A federal judge has ordered the Mexico City government to compensate tenants affected by the Covid-19 pandemic.
Through a press release, the Habitat International Coalition América Latina (HIC-AL), a global human rights NGO, shared this week that the authorities in Mexico City are obliged to apply measures guaranteeing housing in the context of the Covid-19 pandemic.
According to the statement, a federal district judge ordered Mexico City Mayor Claudia Sheinbaum to set out a policy that prevents and mitigates the social and economic effects of the pandemic on the city’s tenants.
The decision stems from an appeal pushed by lawyer Carla Luisa Escoffié Duarte regarding the case of a woman named María Luisa, who lost her job during the pandemic-induced economic crisis in 2020.
Unable to pay the rent, the landlord evicted Maria Luisa, along with her 80-year-old mother and young son, from the house where she had lived for 45 years.
On August 10, a Mexican court ruled in favor of Maria Luisa’s family, saying that Mexico City authorities had failed to take steps to protect citizens from the effects of the pandemic on access to housing.
As Ms. Escoffié, legal adviser to María Luisa, explained with the judge’s decision, the “omissions” of the Mexico City government during the pandemic are recognized as a violation of the right to housing themselves.
“It is a call to the governments of other states, a precedent that can help us understand the extent of government responsibility for housing in situations such as the pandemic or similar circumstances,” said Ms. Escoffié. at Aztec Reports.
The judge’s verdict quotes UN expert Leilani Farha, who in March 2020 urged governments “to take extraordinary measures to ensure the right to housing for all to protect against the pandemic”.

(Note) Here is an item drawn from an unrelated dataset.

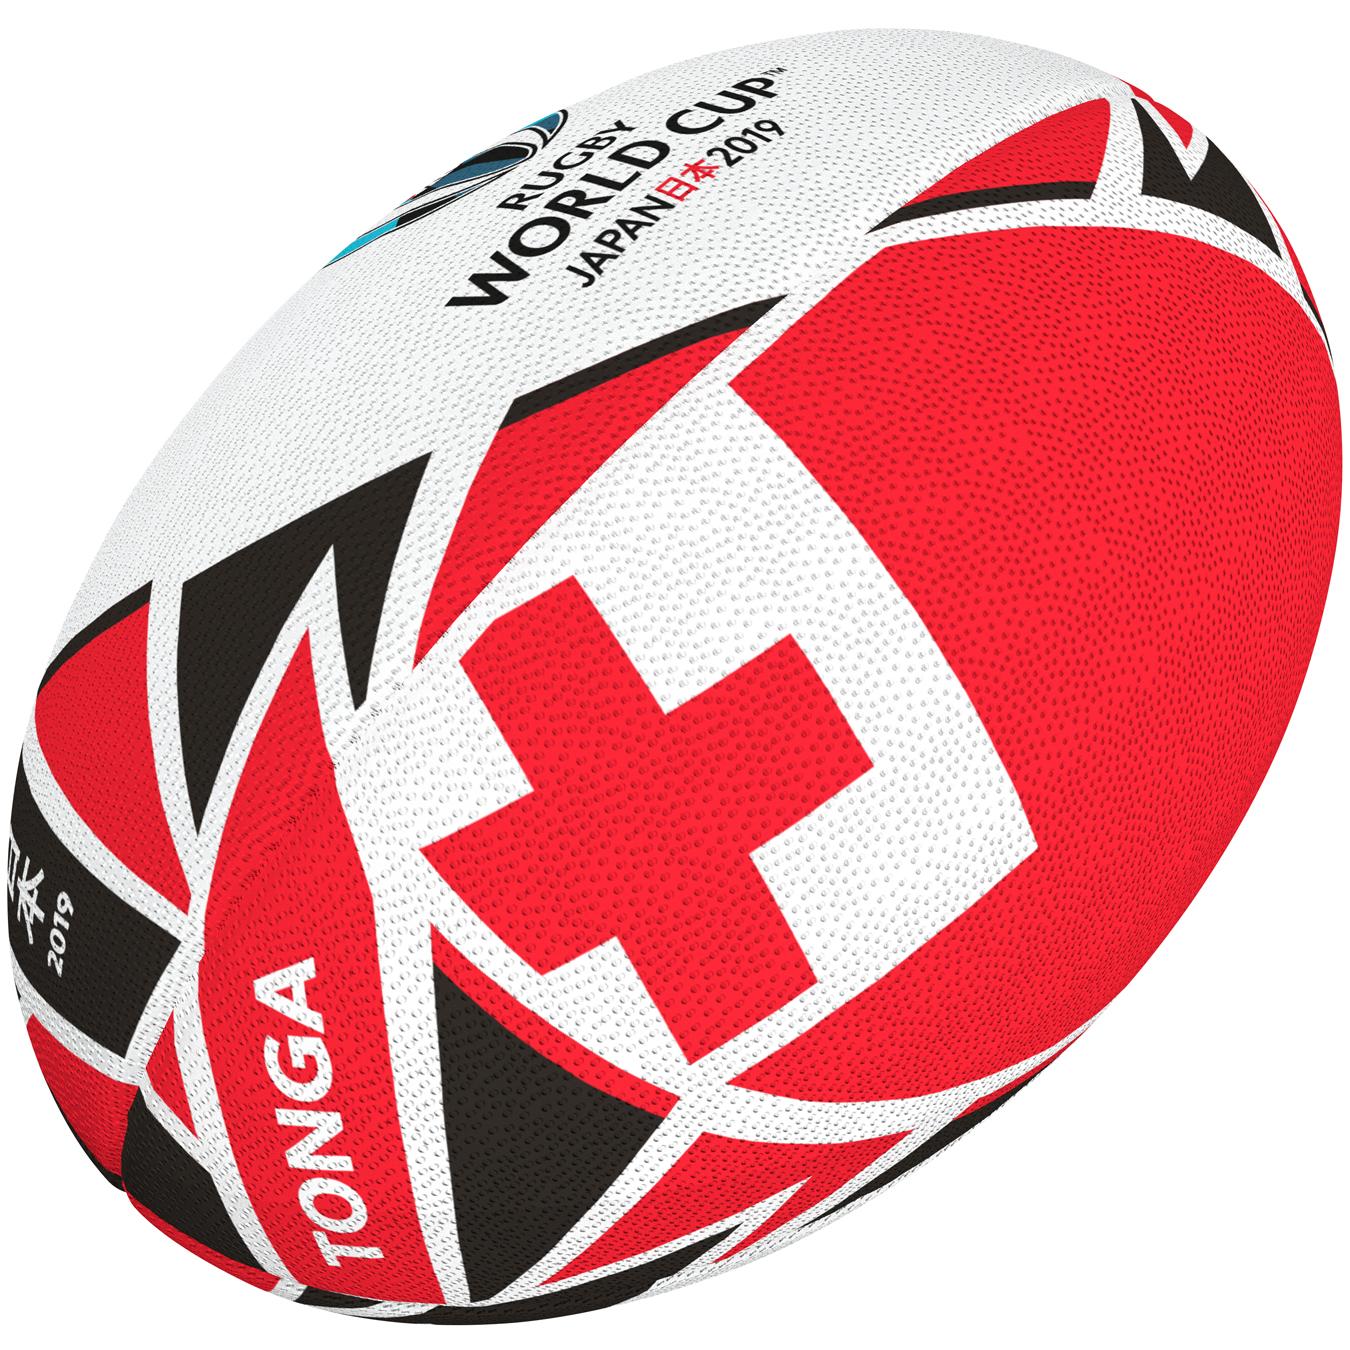 c8320615 TONGA piłka replika w rozmiarze 5 RWC JAPAN 2019 - GilbertPolska

A request ignored by the Mexican authorities, according to the judge, since the request indicated that in Mexico, no level of government sought to prevent vulnerable people from becoming homeless.
According to the survey of the Effects of COVID-19 on the welfare of Mexican householdsin May 2020, at the height of the pandemic, 8.9 million people, or 15.5% of the working population, were unemployed.
In addition, 35% of people said their income had been reduced by 50% during the same period.
Economic conditions worsened by unforeseen health, lack of legislation and underlying inequalities in the housing market in Mexico led to the eviction of 15% of tenants from their homes in January 2022, some of them in violent conditions , according to the latest HIC-AL survey.
In addition, 32% of respondents said they had to move, while 55% said they had difficulty paying their rent.
Unlike other countries that have issued policies to suspend evictions for non-payment and freeze rent and overdue mortgage collections, Mexico’s efforts have been limited to welfare without any consideration for the tenants.
“In Mexico, we still don’t conceptualize this situation as a housing rights issue,” Ms. Escoffié said. “In Mexico we still believe that the right to housing is limited only to the preservation of a house that is already in your property, as if the right were limited to protecting the heritage of those who have already been able to buy a house and not the protection of tenants.